Development of Screening Parameter for the Design of Monolithic Alternative Landfill Covers in Arid and Semi-Arid Climates
DOI:
https://doi.org/10.12974/2311-8741.2016.04.01.2Keywords:
Aridity, water balance, landfill, evapotranspiration, alternative covers.Abstract
After landfills reach their storage limit, they need to have a final cover to reduce the amount of water that percolates from rainfall to diminish leachate production and the risk of additional contamination. Many States require that final covers provide the hydraulic impedance that limits flow into underlying contaminated materials.
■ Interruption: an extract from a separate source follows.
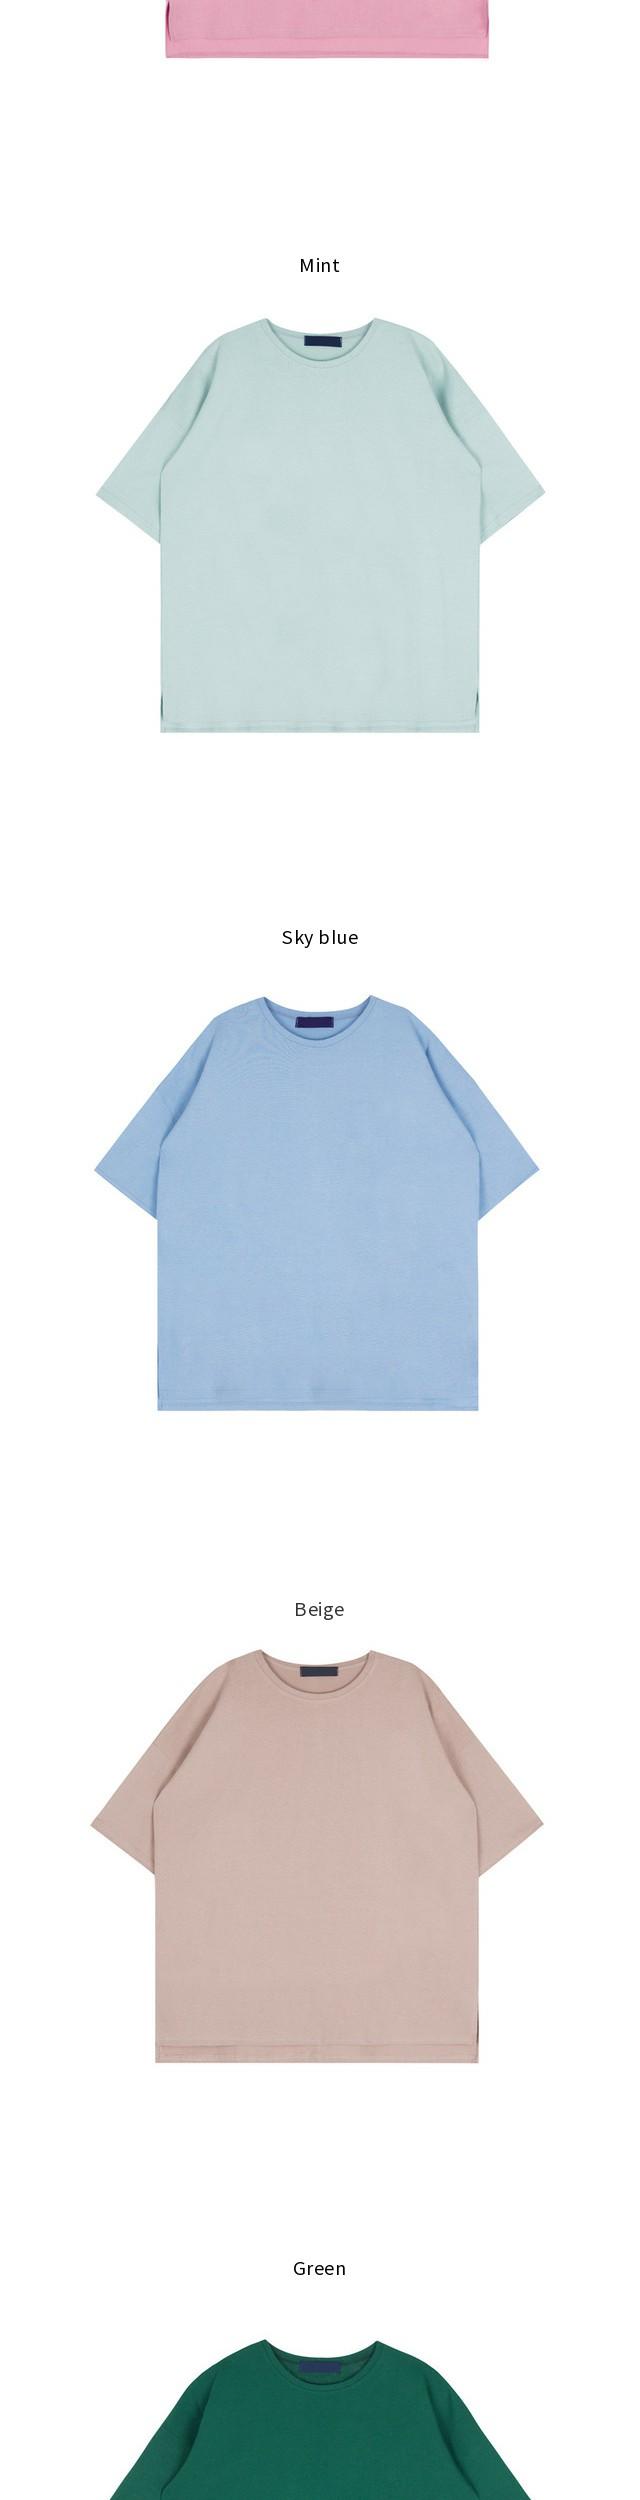 Winnie Daily T-shirt 2 pieces Buy 20000 won

Water balance covers that rely on the capacity of fine-textured soils to store infiltration during rainier periods have been accepted to be used in arid and semiarid climatic zones of the US.
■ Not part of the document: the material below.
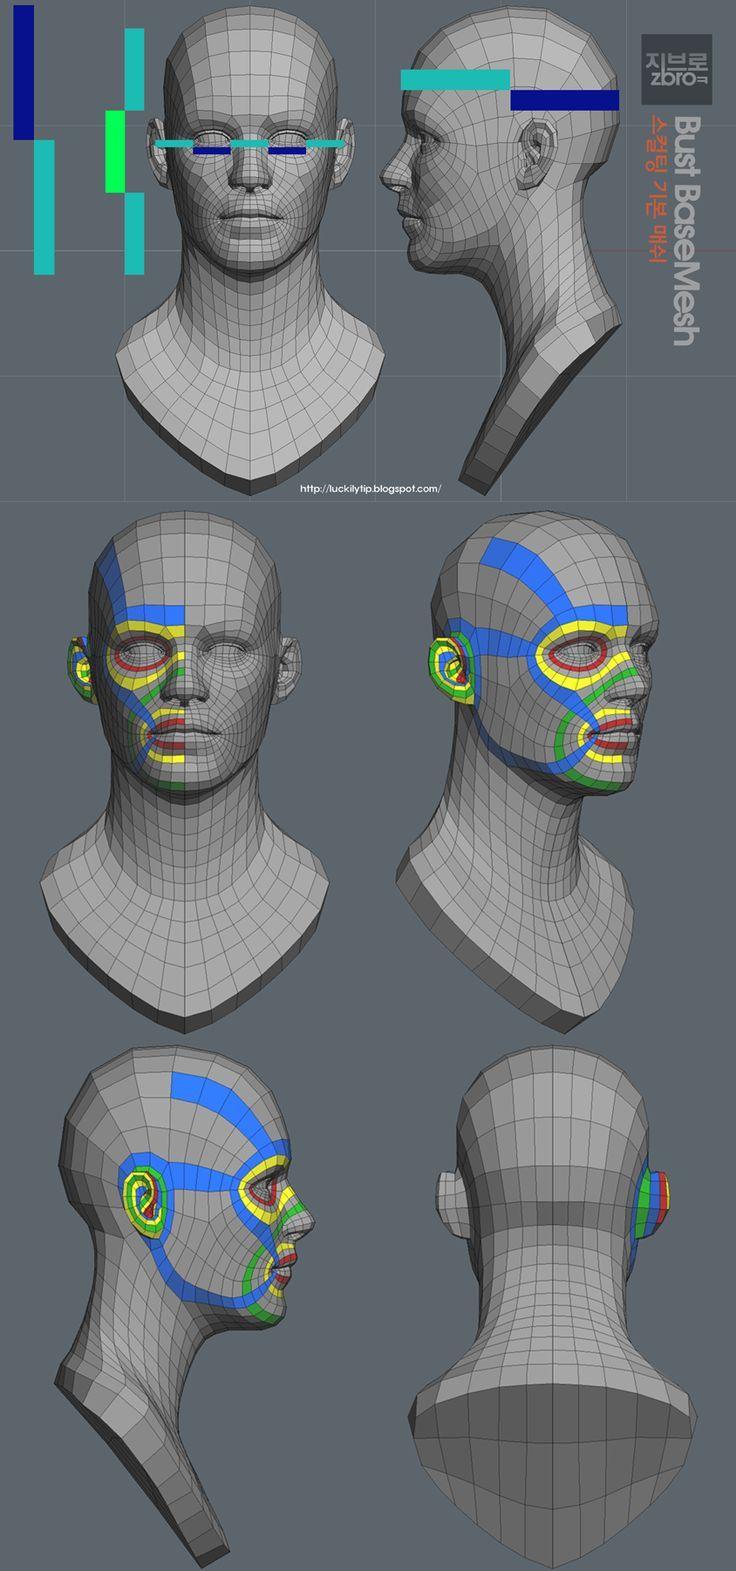 Hey i'm sharing this mesh. zbro bust base mesh_2 (ztl /obj) #BaseMesh #zbrush #wireframe

The objective of the study was to develop a screening parameter that will make alternative landfill cover design simpler. This study assessed how effective are previous design schemes and developed a new design index for water balance covers in Arid and Semi-Arid climates. Eighteen locations were selected across the Arid and Semi-Arid climate of the U.S. Ten typical soils were selected as representative of soils found in these regions. HYDRUS-1D was used as the model to simulate the water balance of several covers, each one for a different soil and thickness.
The results of the simulation were compared to that expected using previous design schemes. Surprisingly, Ten out of eighteen modeled locations resulted in percolation, which contradicts existing design methodologies. A new design parameter, SrNEW, was developed by modifying the original SrACAP to be specific to alternative covers in Arid and Semi-Arid climates.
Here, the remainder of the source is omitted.